The Leach Home, which opened in 1995, was built with the proceeds of a Massachusetts charitable trust established in 1926 by Mabel Tyrell of Wakefield, Mass., in partnership with the Brewer Housing Authority. Partners in the latest phase of development were Key Bank’s community development program and the Maine State Housing Authority, which provided a $1.1 million low-interest loan, federal tax credits worth $2 million and a $360,000 subsidy.

The expansion brings the number of units at the Leach Home to 90, 80 percent of which are subsidized and 20 percent of which are rented at market value, which currently is $1,555 a month for a one-bedroom apartment. Rent includes two meals a day, utilities except telephone and cable, weekly housekeeping assistance and the services of a nurse.

During Thursday’s dedication, local elected officials and candidates, and other dignitaries reflected on what the project meant to area senior citizens and the community.

For City Councilor Gail Kelly, the event was bittersweet. Thursday marked her first visit to the facility since the death of her mother, Dorothy Cameron, a former resident of the Leach Home.

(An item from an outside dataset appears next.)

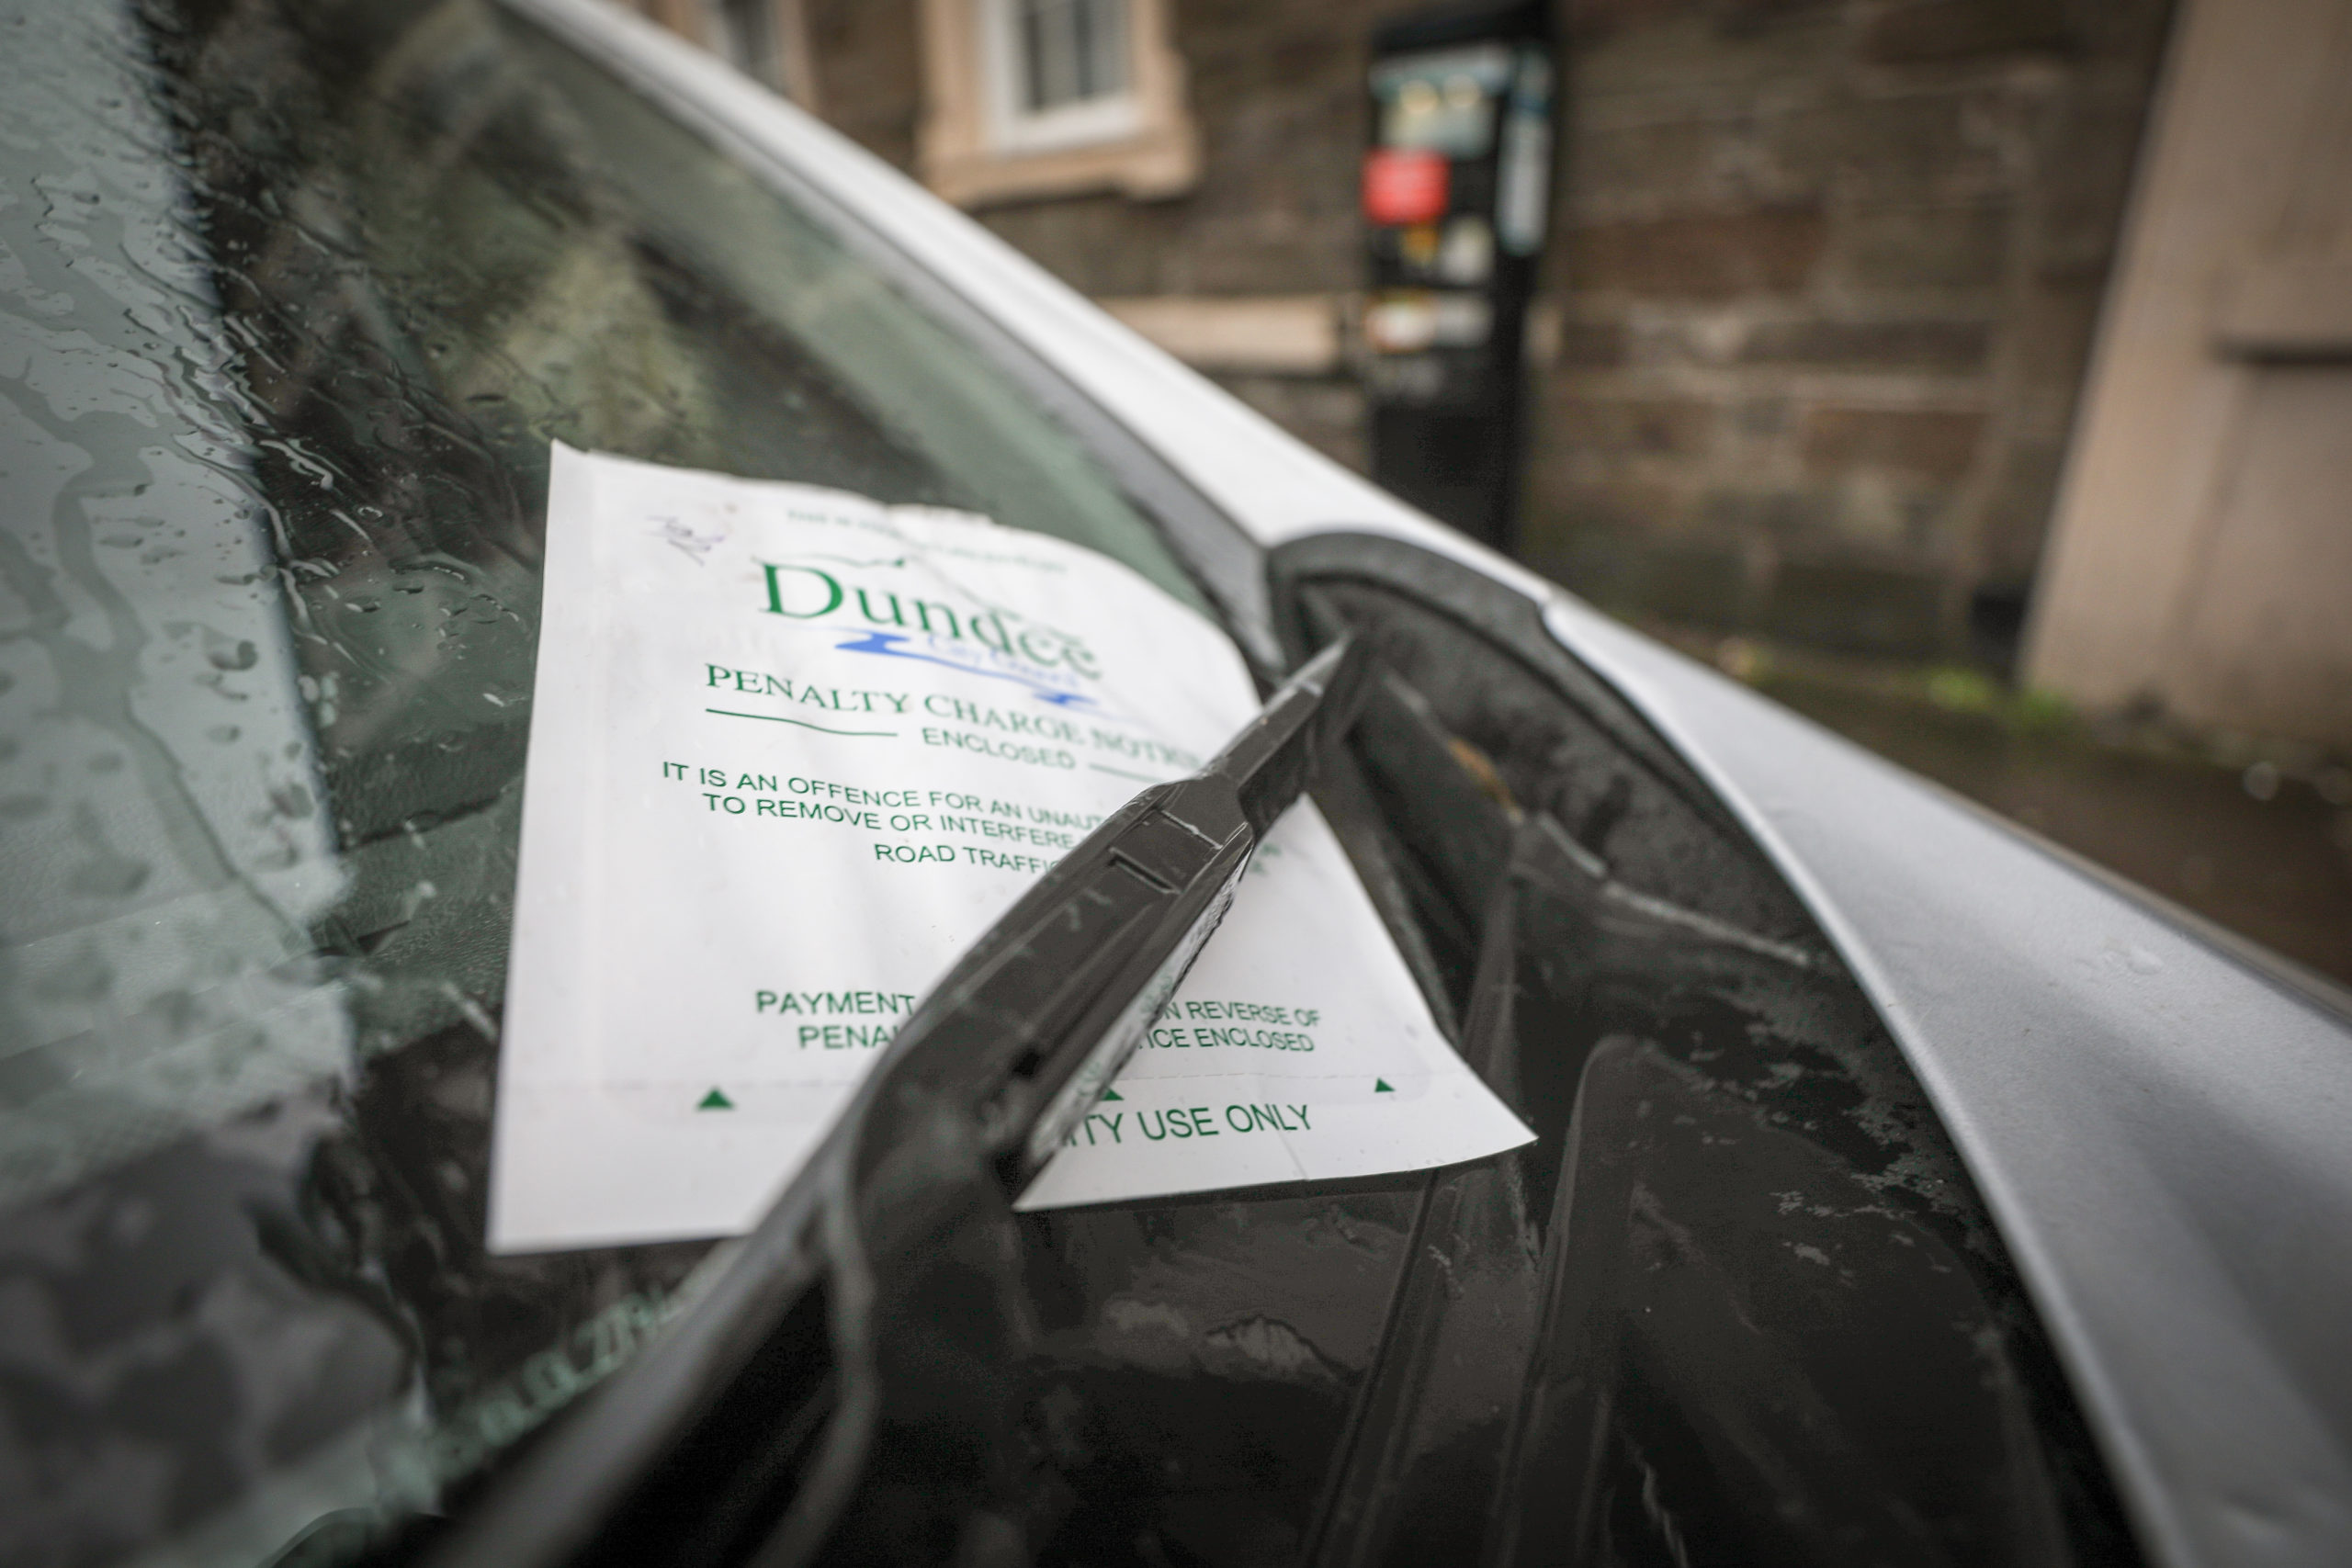 Illegal or inconsiderate parking in Dundee is to be targeted during lockdown.
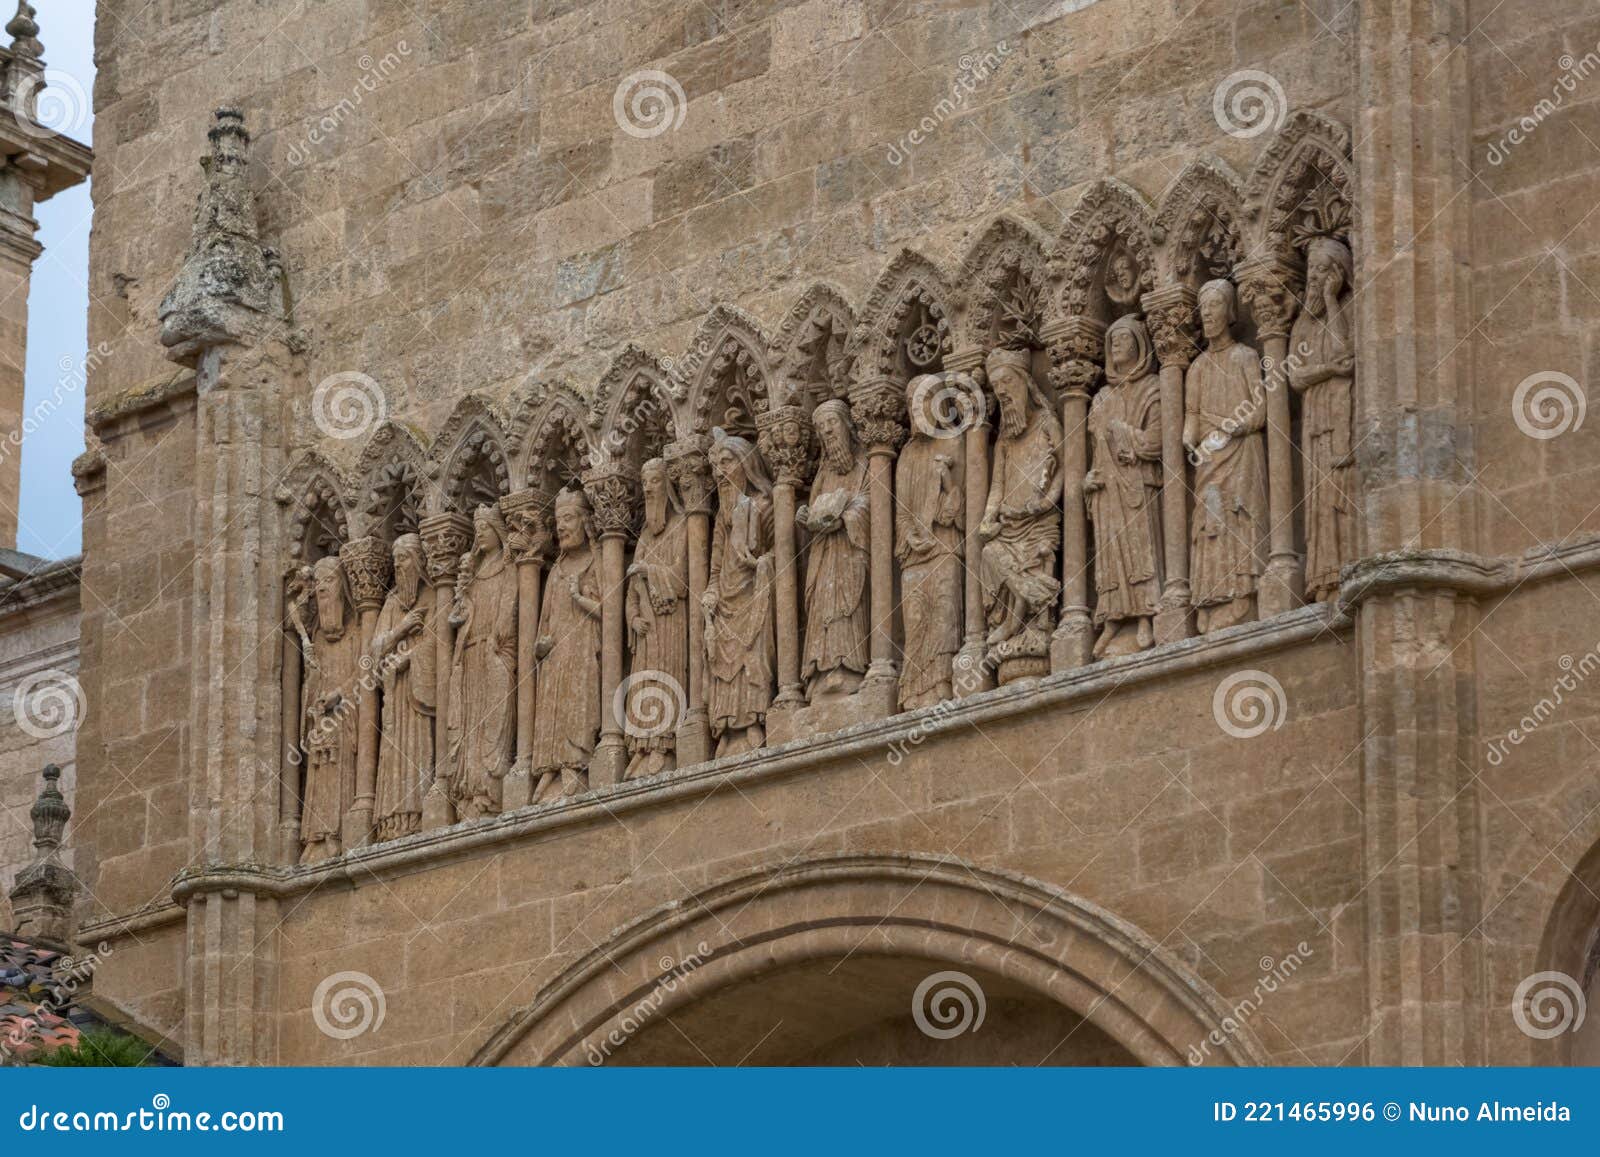 detailed view of a amazing romanesque sculpture on the chain gate, cuidad rodrigo cathedral facade, with old testament

It was good, she said, to renew acquaintances with old friends and to revisit some of the places her mother enjoyed, in particular the greenhouse.

“She would have been so proud,” Kelly said of the Leach Home’s continuing development.

City Manager Stephen Bost said that when the Leach Home was established seven years ago, it set a new standard for senior housing in the area. “This represents the state of the art of continuum of care,” he said.

Frank McGuire, president of the Leach Home’s board of directors, observed that a campus is emerging on Taylor Drive that ultimately will provide living accommodations for a senior population ranging from those needing very little assistance to those requiring around-the-clock care.

The Leach Home serves a relatively independent elderly population. The Woodlands, located just yards away, provides a higher level of care, including case management, the administration of needed medicines, nursing care and three meals a day. An Alzheimer’s unit, to be named Evergreen, is proposed by developer Lon Walters, president of the Woodlands Inc.